A Model for Reaction Rates

  • Focus Question: How do you determine how fast a reaction is going?

  • Unit 3 Module 15

New Vocabulary

  • Reaction Rate: Change in concentration of a reactant or product per unit of time, expressed as mol/(L.s).

  • Collision Theory: Atoms, ions, and molecules must collide to react.

  • Activated Complex: A temporary, unstable arrangement of atoms that may form products or revert to reactants.

  • Activation Energy: The minimum energy required for reacting particles to form an activated complex, enabling the reaction to proceed.

Review Vocabulary

  • Energy: The ability to do work or produce heat; exists in two forms: potential energy and kinetic energy.

Expressing Reaction Rates

  • The Greek letter delta (Δ) indicates a change in quantity.

  • Equation for Average Rate: Average rate = [C] at t2 - [C] at t1 / (t2 - t1)

  • Reaction rate measures change in concentration per unit of time, generally expressed as mol/(L·s).

Determining Reaction Rates

  • Reaction rates are measured experimentally as concentrations change over time.

  • Graphically, the progression from reactants to products can be observed.

Example Calculation

  • Reaction: CO (G) + NO2 (G) → CO2 (G) + NO (G)

  • To monitor reaction rates, calculate production rates with positive values indicating increased concentration.

Example Problem: Calculate Average Reaction Rates

  • Problem Statement: In a reaction between butyl chloride (C4H9Cl) and water, [C4H9Cl] decreases from 0.220 M to 0.100 M in 4.00 s. Calculate average rate.

  • Known Values:

    • t1 = 0.00 s, t2 = 4.00 s

    • [C4H9Cl] at t1 = 0.220 M

    • [C4H9Cl] at t2 = 0.100 M

  • Rate Calculation: Average reaction rate = (0.100 M - 0.220 M) / (4.00 s - 0.00 s) = -0.0300 mol/(L·s)

    • Positive value calculated suggests a reasonable decrease in concentration.

Collision Theory

  • States that reactions require collisions between particles with the right orientation and minimum energy to occur successfuly.

  • Colliding particles must have sufficient kinetic energy and correct orientation to react.

Factors Influencing Collision Success

  • Activation Energy: Minimum energy needed to start a chemical reaction; some reactions require very little (like rusting).

  • Fast reactions are characterized by low activation energy; slow reactions require high activation energy.

Energy Profiles

  • Illustrated by energy changes during reactions with exothermic reactions having lower product energy than reactants, while endothermic reactions have higher product energy.

Catalysts

  • Catalyst: Substance that accelerates reactions by lowering activation energy but is not consumed.

  • Inhibitor: Slows down reactions or prevents them from occurring.

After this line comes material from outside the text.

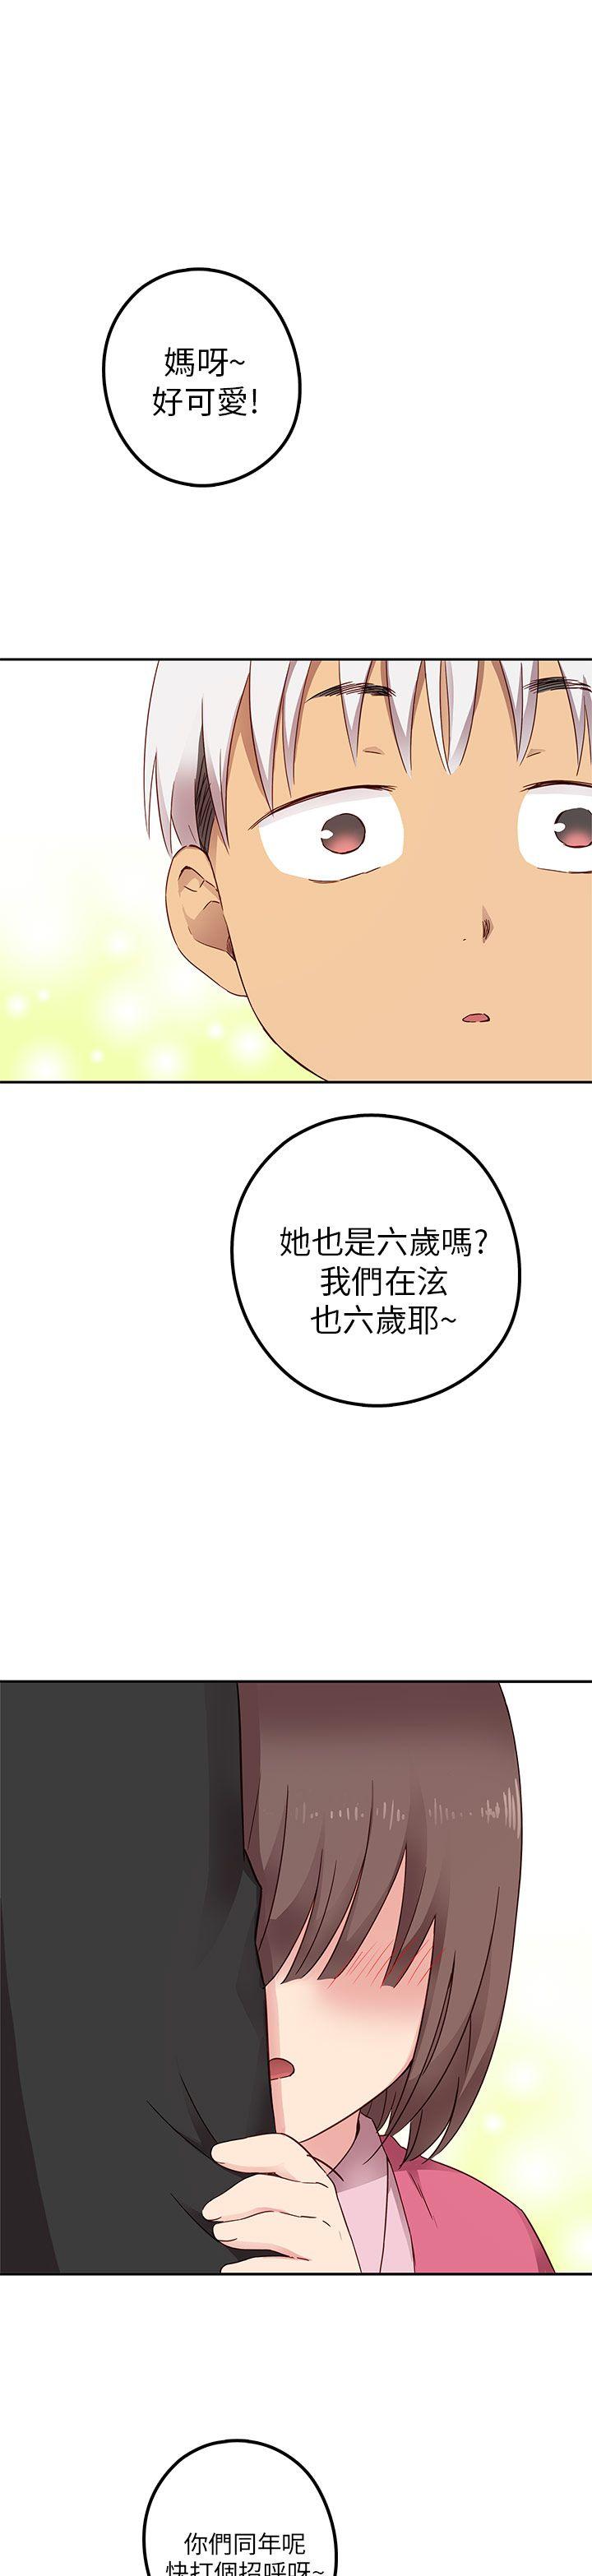 韩国污漫画 H校園 第18话 2

  • Heterogeneous Catalyst: Different physical state than the reaction it catalyzes.

  • Homogeneous Catalyst: Same physical state as the reaction it catalyzes.

Nature of Reactants

  • Concentration: Higher concentration increases collision frequency, accelerating reactions.

  • Surface Area: Increased surface area leads to more effective collisions.

  • Temperature: Raising temperature increases average kinetic energy, facilitating more collisions with enough energy to surpass the activation energy.

Reaction Rate Laws

  • Rate Law: Explains relationship between reaction rates and reactant concentrations at a given temperature.

  • First-Order Reactions: Rate is directly proportional to one reactant’s concentration.

  • Overall Reaction Order: Sum of individual orders from rate law.

Instantaneous Reaction Rates and Mechanisms

  • Instantaneous Rate: Rate at a specific time derived from the rate law and concentrations.

  • Complex Reaction: Consists of multiple elementary steps, with one rate-determining step being the slowest, limiting overall reaction speed.